Figure 7 (A) Chemical composition of Ac-B. The K side-chain of Ac-SDKP was modified with biotin. Biotin was labeled on the K side-chain of Ac-SDKP to form Ac-B. When biotin is combined with Streptavidin/RBITC, Ac-B is visualized. (B) Mechanism by which Ac-B inhibits fibrosis in silicosis through anti-EMT activity (schematic). Ac-B achieves an anti-EMT effect after entering into endothelial cells via caveolae-mediated endocytosis.

Conclusions

Ac-B, an anti-fibrotic peptide with good traceability, was prepared via attachment of biotin to Ac-SDKP. The mechanism for the phagocytosis of Ac-B by cells was elucidated. Cell experiments and animal experiments showed that Ac-B had an anti-EMT effect to prevent the progress of fibrosis in silicosis. Ac-B uptake by endothelial cells occurred via a caveolae-mediated pathway to achieve anti-EMT effects.
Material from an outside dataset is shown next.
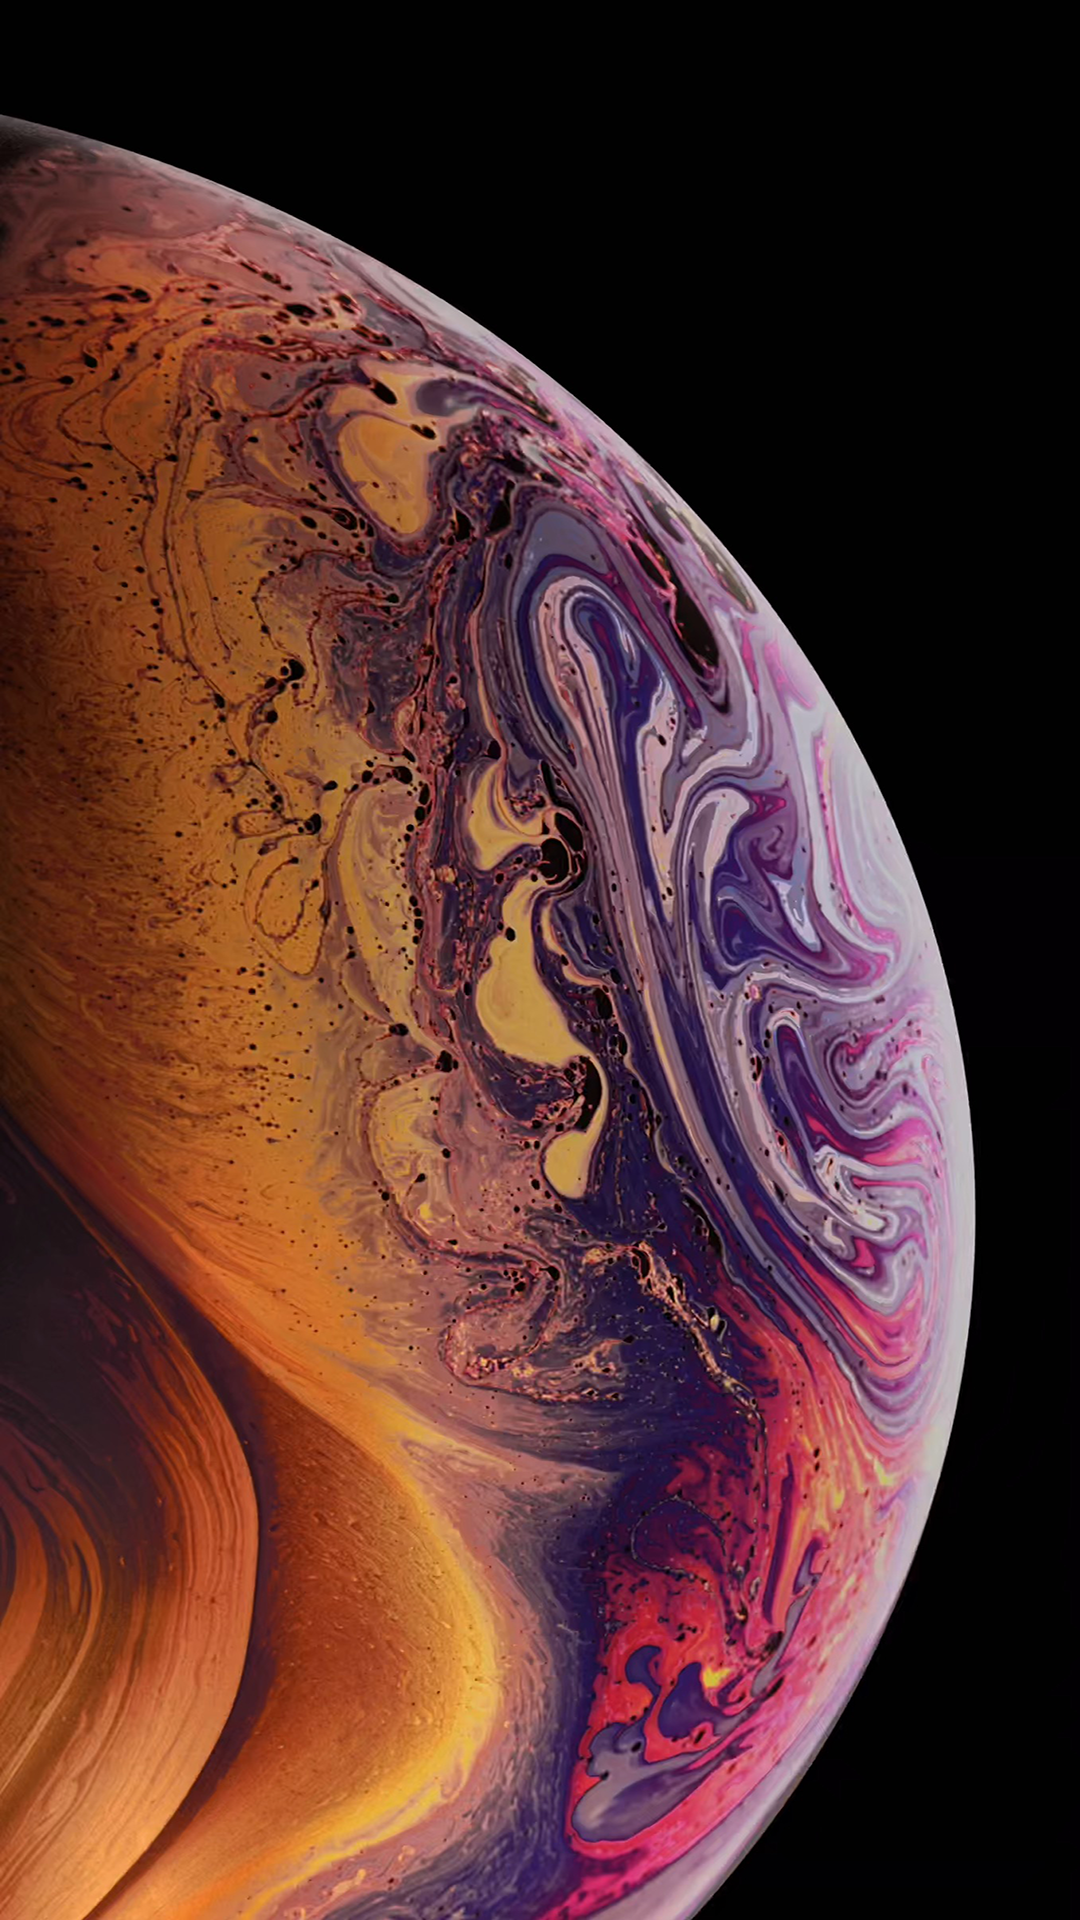 Wallpaper iPhone Xs Max And Xr

The good traceability of Ac-B may enable its use as an agent for anti-silicosis therapy, as well as to investigate the distribution, metabolism and target sites of Ac-B in vivo in animals.

Data Sharing Statement

The data used to support the findings of this study are available from the corresponding author upon request.

Author Contributions

All authors made substantial contributions to conception and design, acquisition of data, or analysis and interpretation of data; took part in drafting the article or revising it critically for important intellectual content; agreed to submit to the current journal; gave final approval of the version to be published; and agree to be accountable for all aspects of the work.

Funding

This work was supported financially by the National Natural Science Foundation of China (31800715), Natural Science Foundation of Hebei Province (H2017209190), Department of Science and Technology of Hebei Province (16272707), Health and Family Planning Commission of Hebei Province (20170888) and the North China University of Science and Technology Outstanding Youth Science Foundation.

Disclosure

The authors report no conflicts of interest in this work.